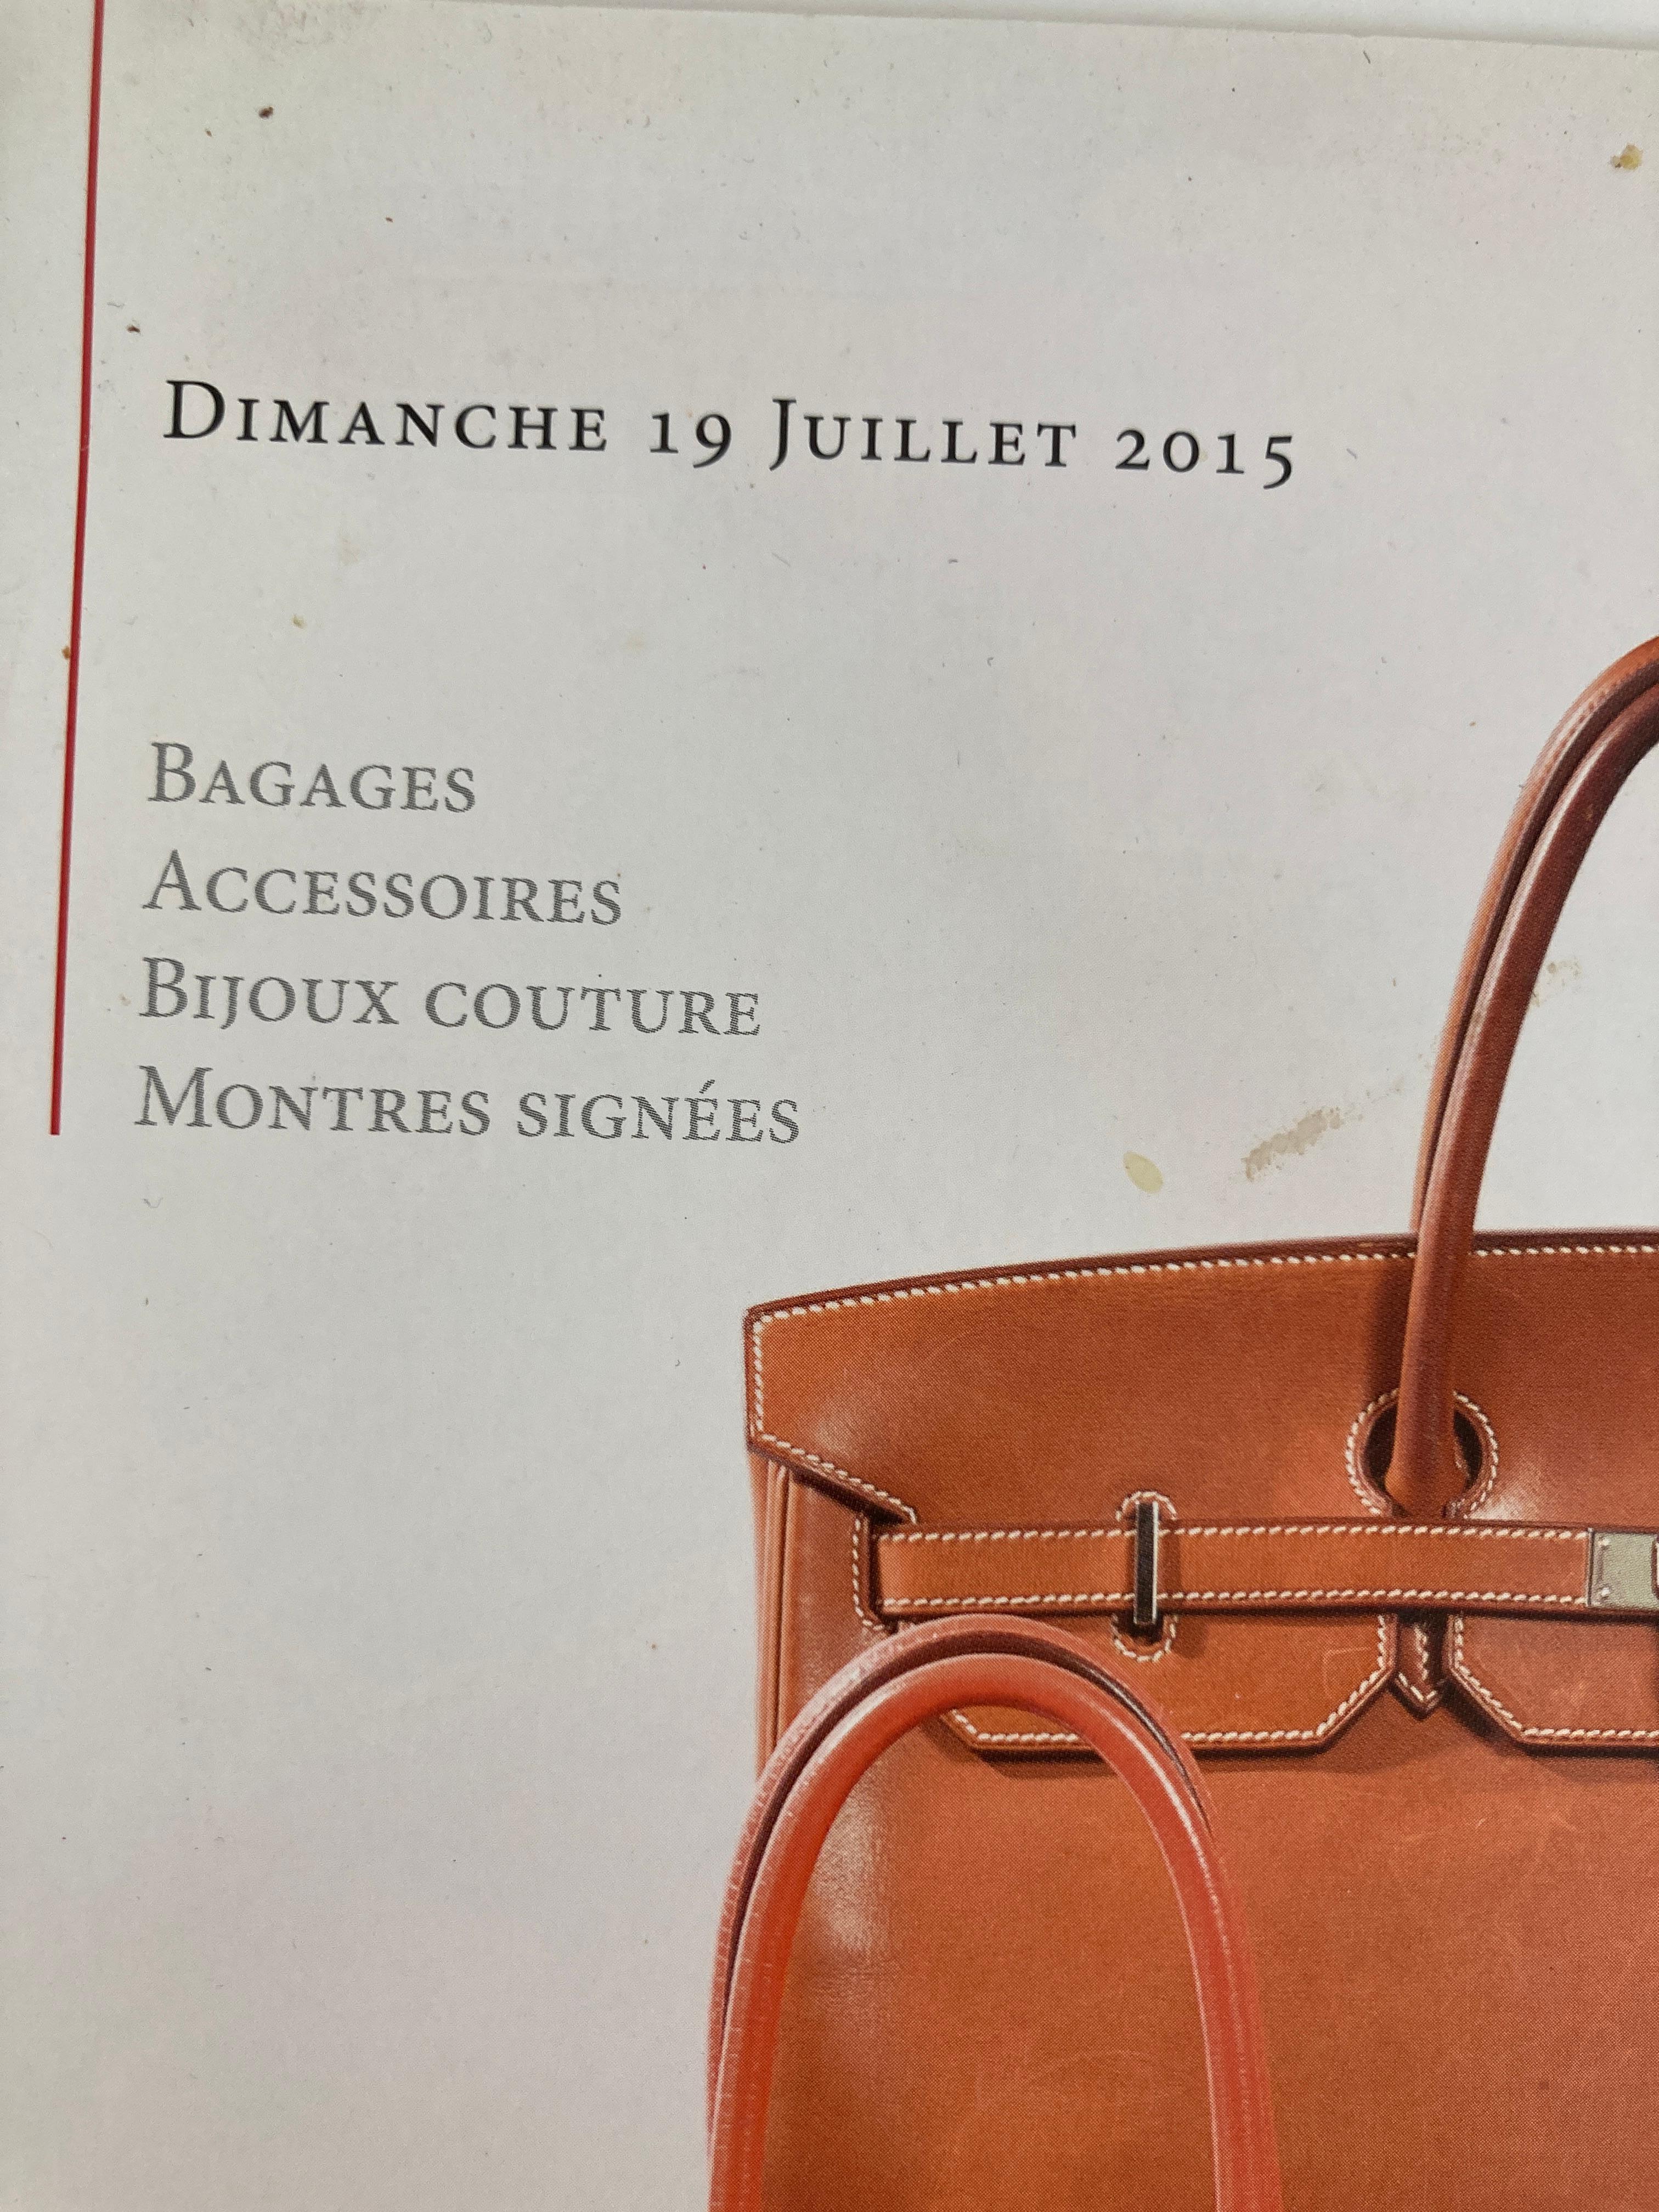 Haute Couture and Luxury Leather Goods by Besch Cannes Auction Catalog France, Juillet 2015.
Regular sales in one of the best luxury hotels of Cannes
Haute Couture and luxury leather goods, tableware, luxury leather goods, designer bags, jewels and
· · ·
*WORK ORDER*: Would you restate the listing word for word without its pictures?

*SOLUTION BELOW*:
 Haute Couture and Luxury Leather Goods by Besch Cannes Auction Catalog France, Juillet 2015.
Regular sales in one of the best luxury hotels of Cannes
Haute Couture and luxury leather goods, tableware, luxury leather goods, designer bags, jewels and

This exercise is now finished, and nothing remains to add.